Book Review: “Sense and Sensibility and Sea Monsters”


Sense and Sensibility and Sea Monsters

Regency England, the alteration has made water dangerous, turning it’s denizens into creatures of doom with one thing on their mind only: the destruction of man.

Giant lobsters, sharks, octopi, you can’t think of it or it’s out to kill people.

That’s the setting for this particular parody of Jane Austen’s acclaimed 1811 novel Sense and Sensibility, that was given a work-over by Ben H. Winters back in 2009.

I must admit, I never read the original Sense and Sensibility , so I can’t compare both. I have, however, read Pride and Prejudice so I have some inkling of Austen’s writing style and literary pace and Mr Winters seems to be doing both justice.

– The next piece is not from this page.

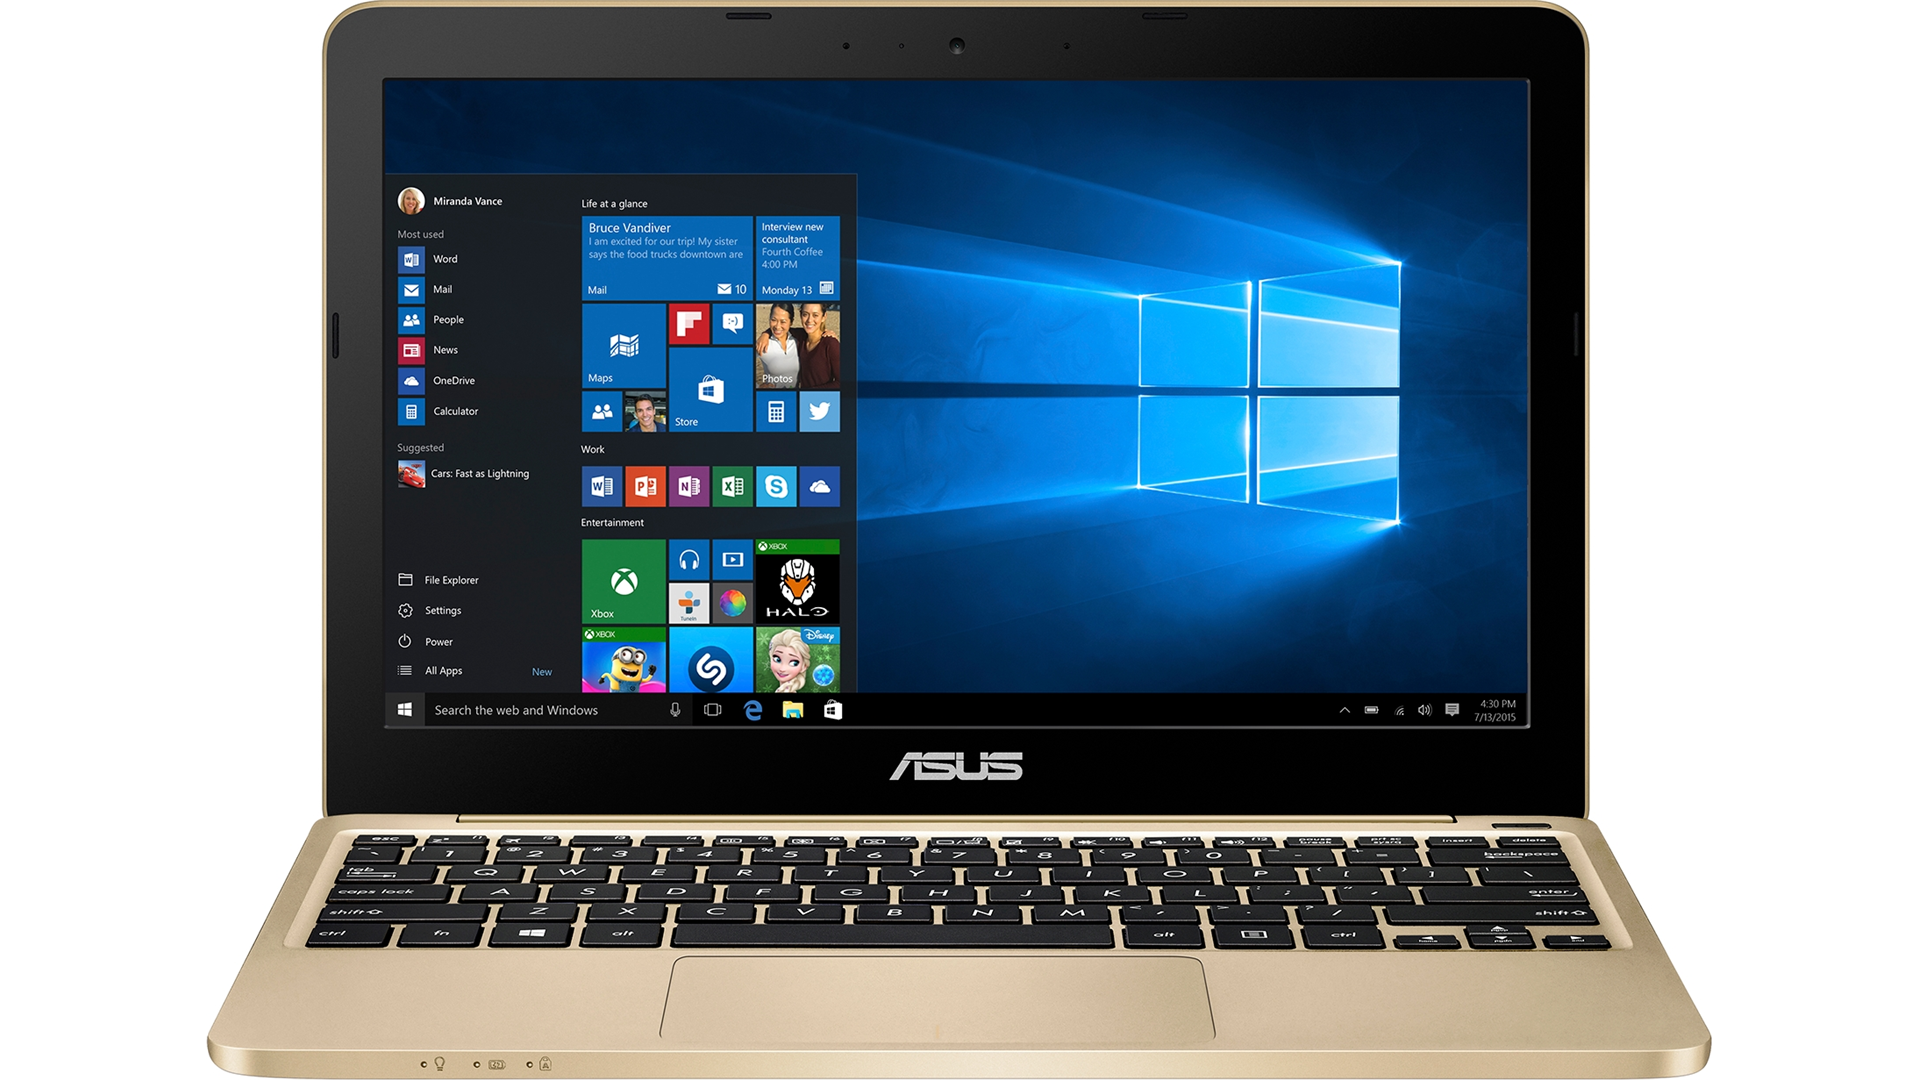 Asus VivoBook E200HA-FD0009TS - Notebookcheck.net External Reviews

The original stars: the Dashwood sisters, as well as their love interests are still present in the book, but their many (mis)adventures have been rewritten and re-set in completely different surroundings. And I’m pretty sure Colonel Brandon wasn’t cursed by a sea witch to have tentacles on his face either.

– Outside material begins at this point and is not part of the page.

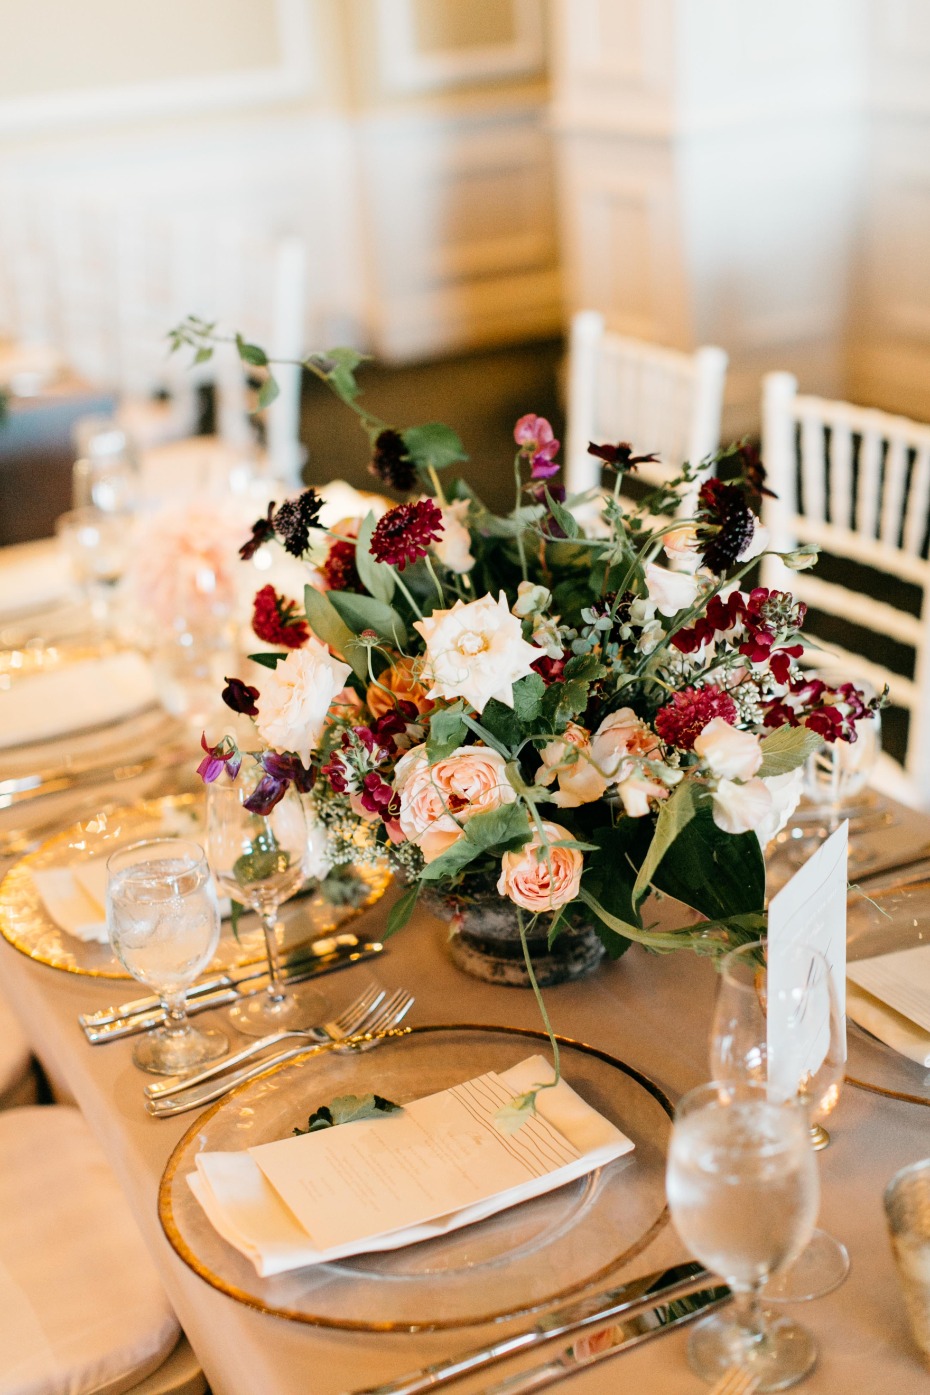 classic and elegant wedding table decor

In long standing tradition, I won’t share spoilers here (if you want those, you can just look up the Wikipedia page) either, but this is an amusing read. It’s entertaining to see what kinds of (natural) science people in the setting have come up with, many seemingly inspired by Jules Verne and other sci-fi adventures. A small downside is that you know how it ends, and that especially towards the end of the book, you start wondering what the heck is going on because not everything is well explained and things are a bit rushed to force the ending. But aside from that, it’s just a plain and simple fun read, comparable with watching a popcorn movie simply for the fun of watching a film. The pace is so moderate that you can literally just read it bit by bit when you have a little time and never have issues picking up where you left off.

Of course, you can’t take this book serious at all, and if you’re an avid Jane Austen fan, you may find this blasphemous. If you don’t like her works at all, you might find the pace and wording not to your taste here either.